§ **Given information**
***

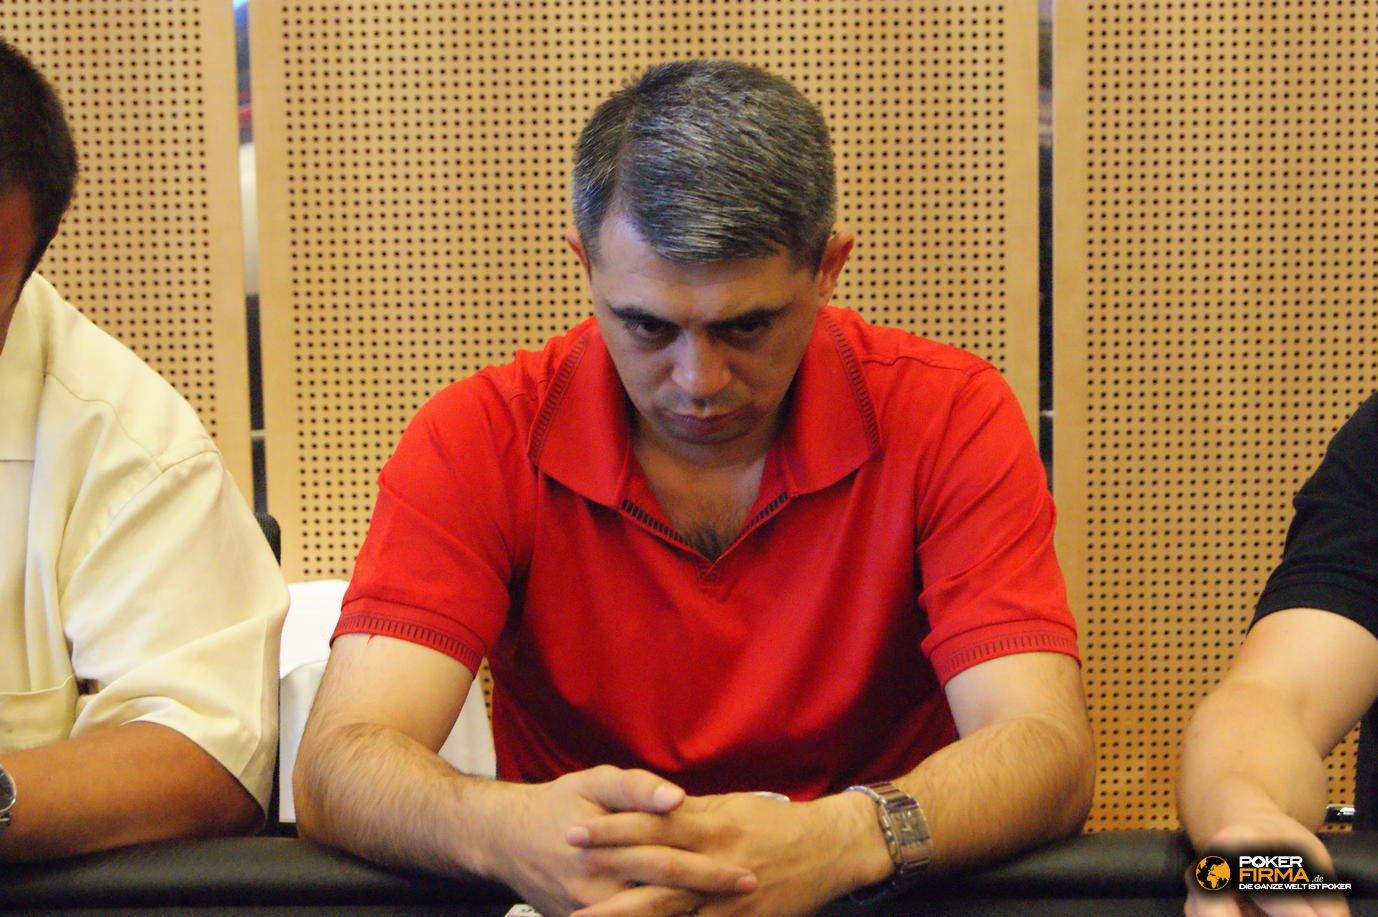 CAPT_Velden_500_NLH_17072012_Vladimir_Ghazaryan.JPG
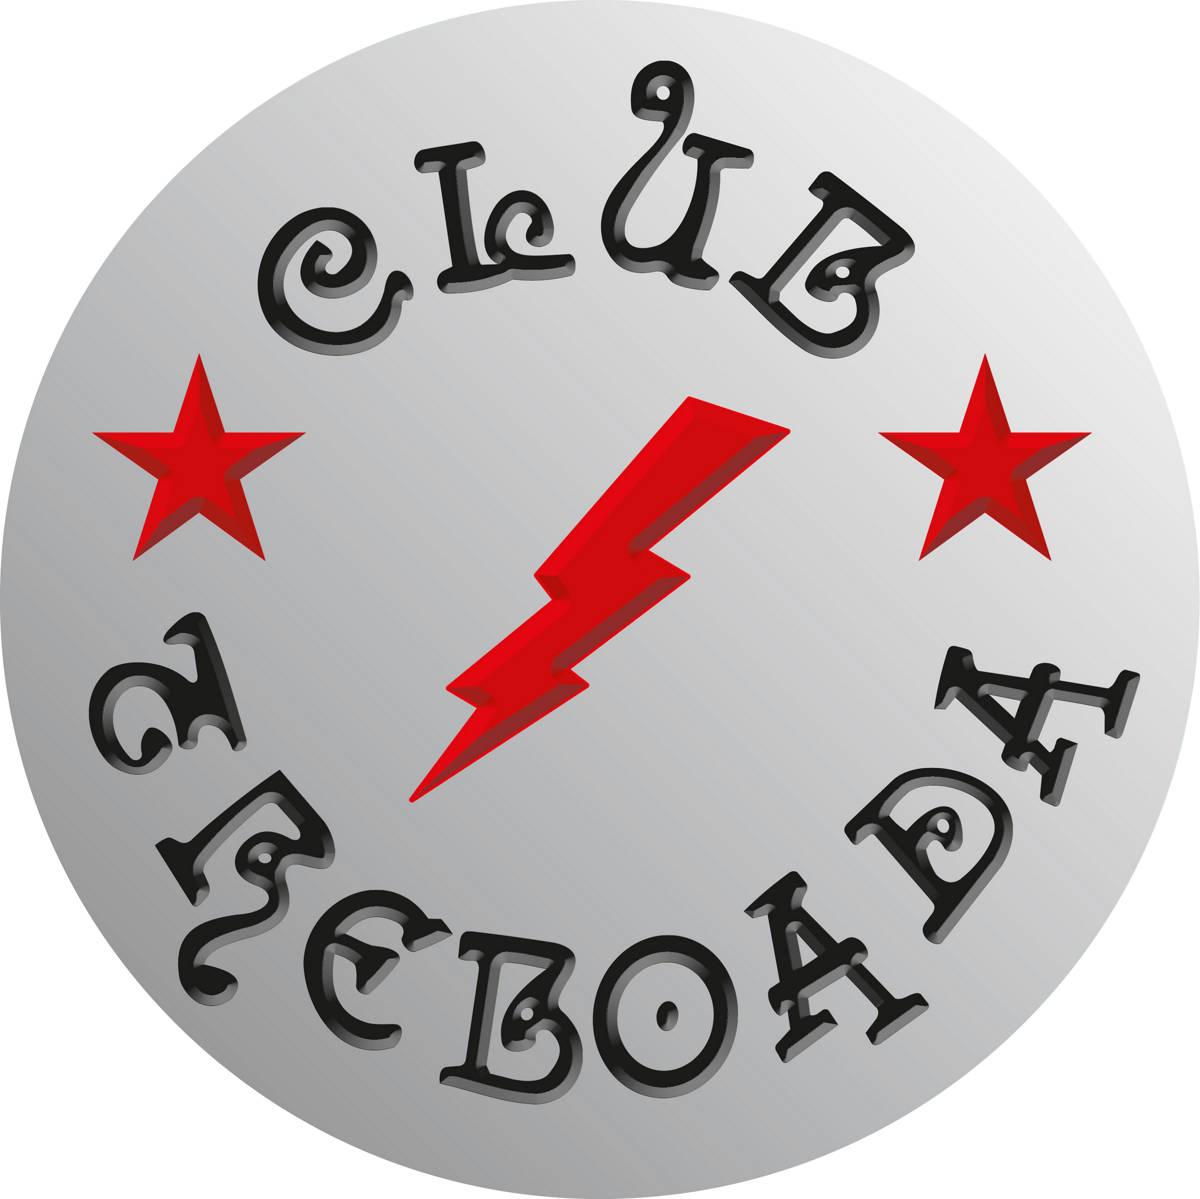 Club Treboada
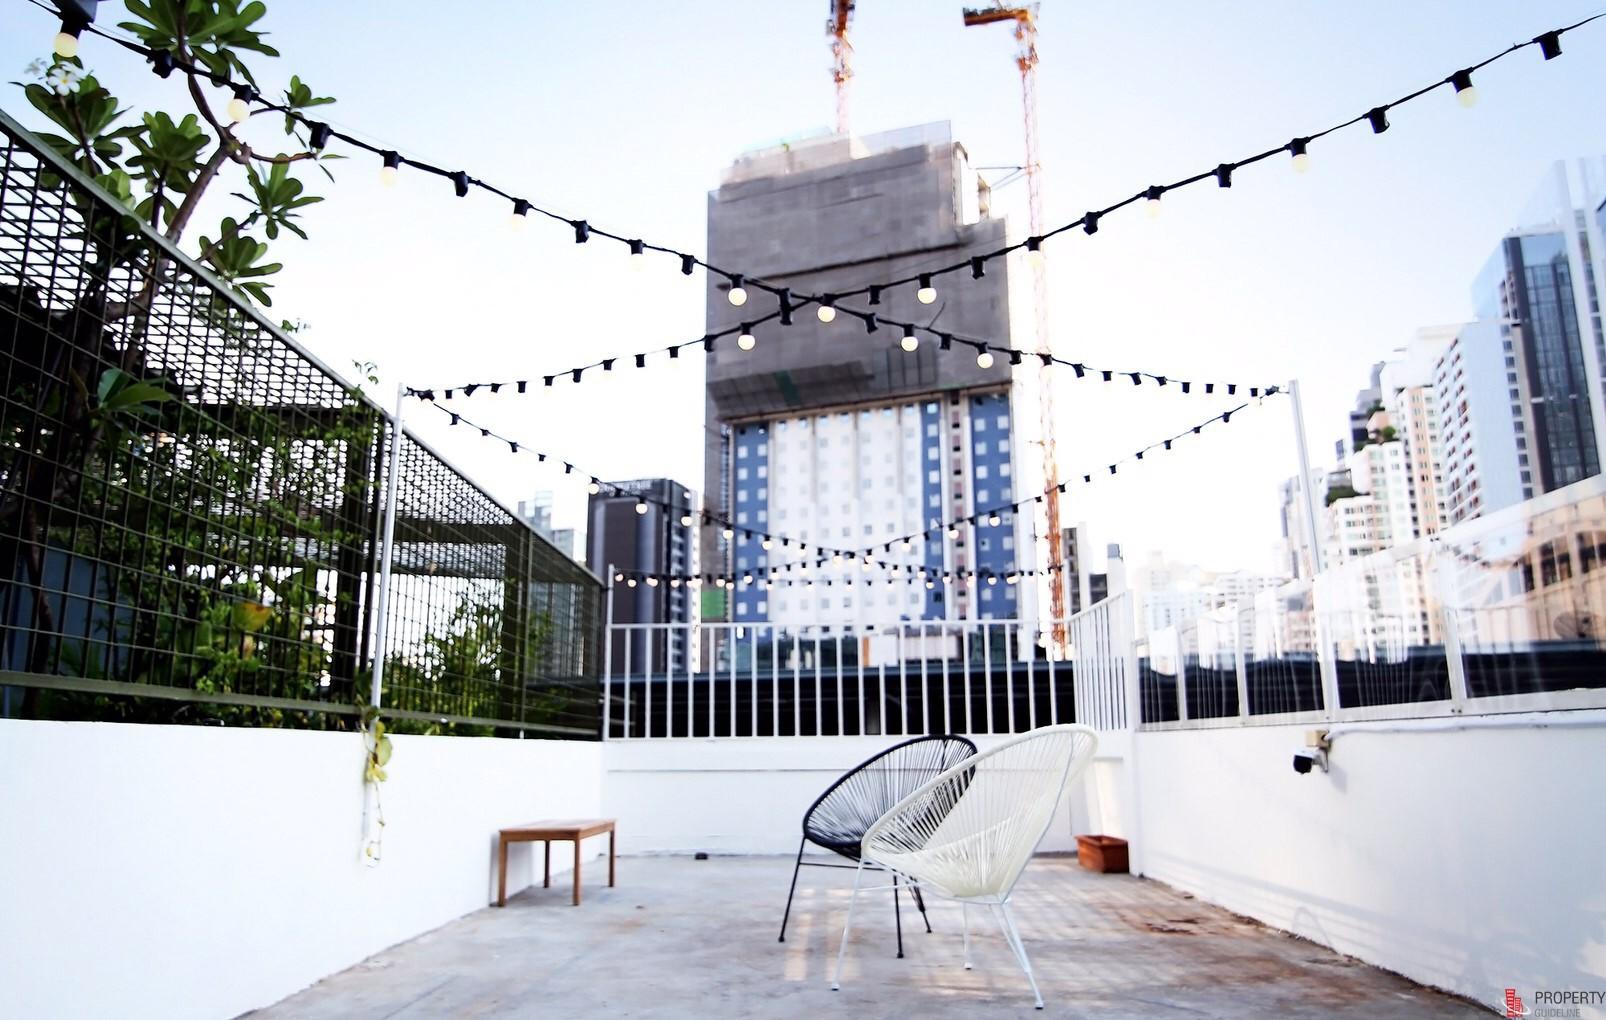 ขาย/เซ้ง กิจการ โฮสเทล Hostel อาคารพาณิชย์ ติด BTS Phrom Phong พร้อมพงษ์ ตกแต่งใหม่ ติดถนนสุขุมวิท
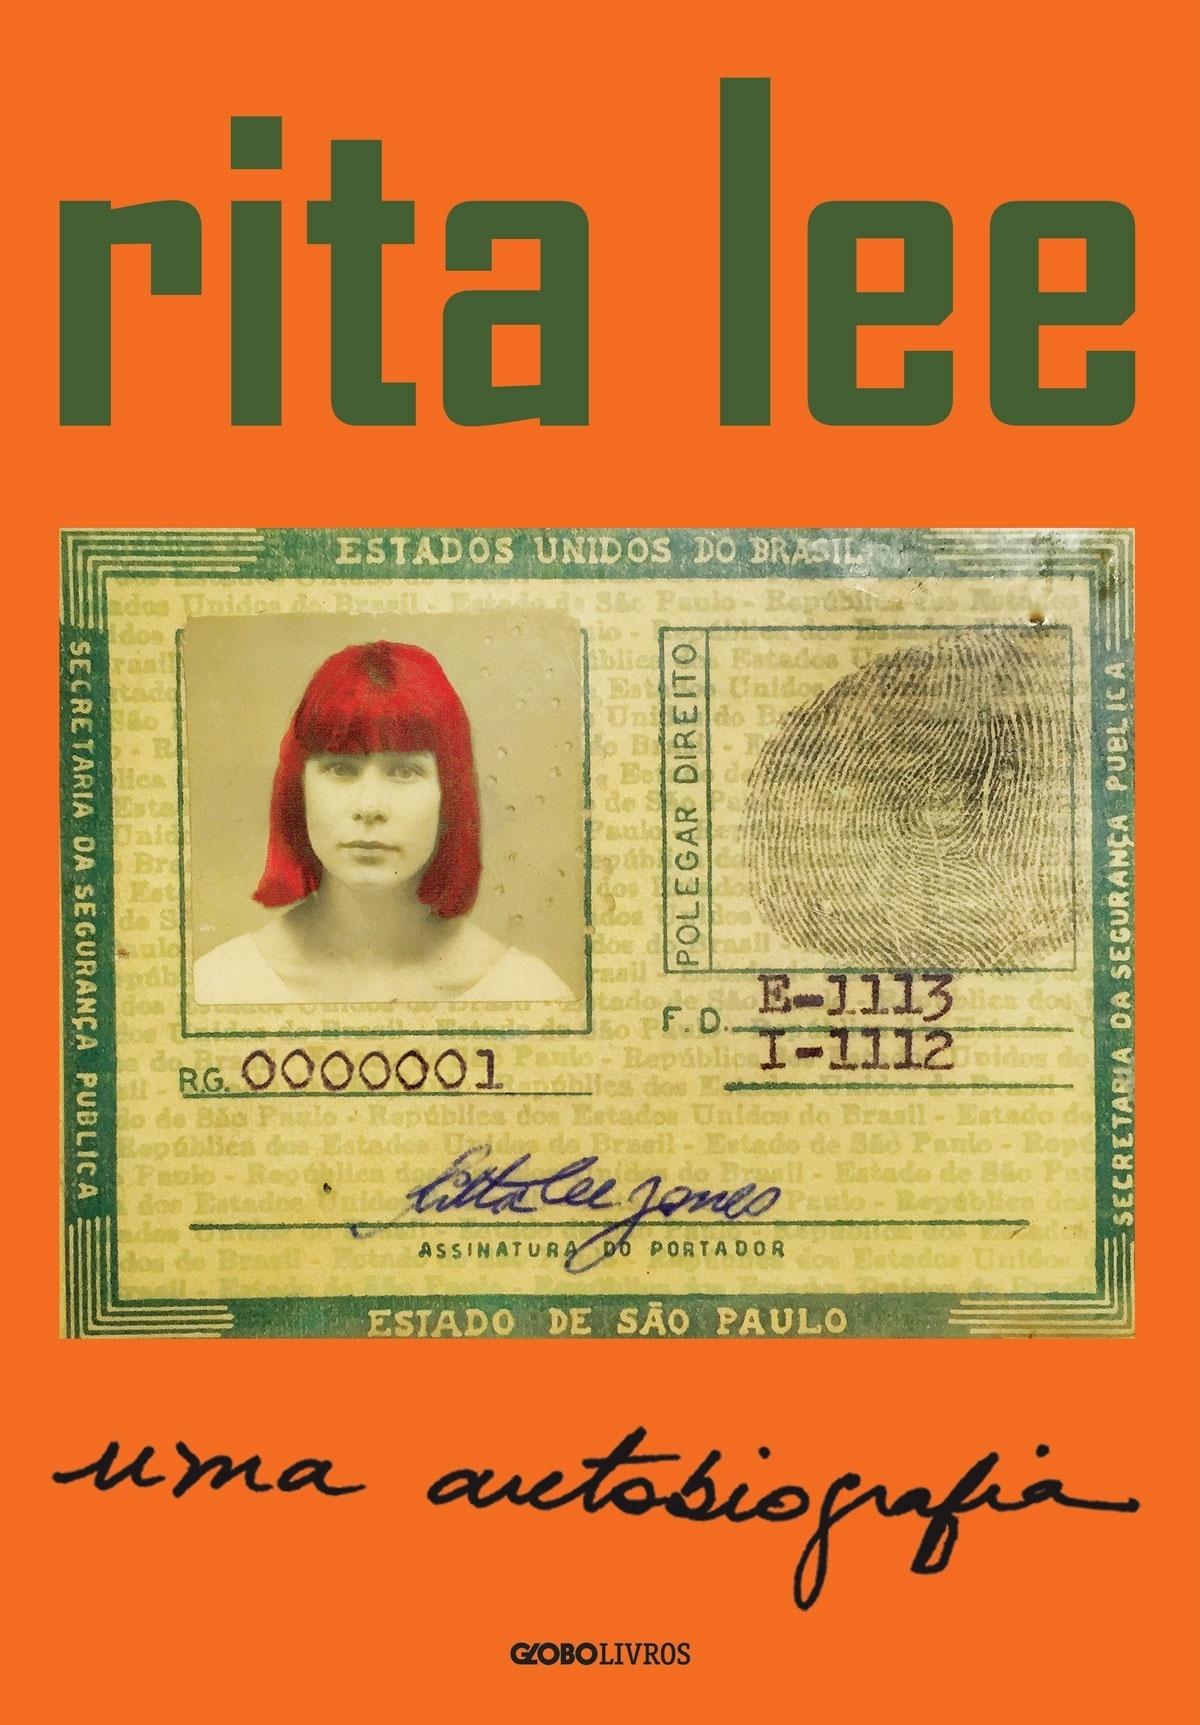 Capa autobiografia Rita Lee

***

§ **Task prompt**
Go through the listing and restate each line word for word, leaving out the pictures.

§ **Response to the task**
 CAPT_Velden_500_NLH_17072012_Vladimir_Ghazaryan.JPG
 Club Treboada
 ขาย/เซ้ง กิจการ โฮสเทล Hostel อาคารพาณิชย์ ติด BTS Phrom Phong พร้อมพงษ์ ตกแต่งใหม่ ติดถนนสุขุมวิท
 Capa autobiografia Rita Lee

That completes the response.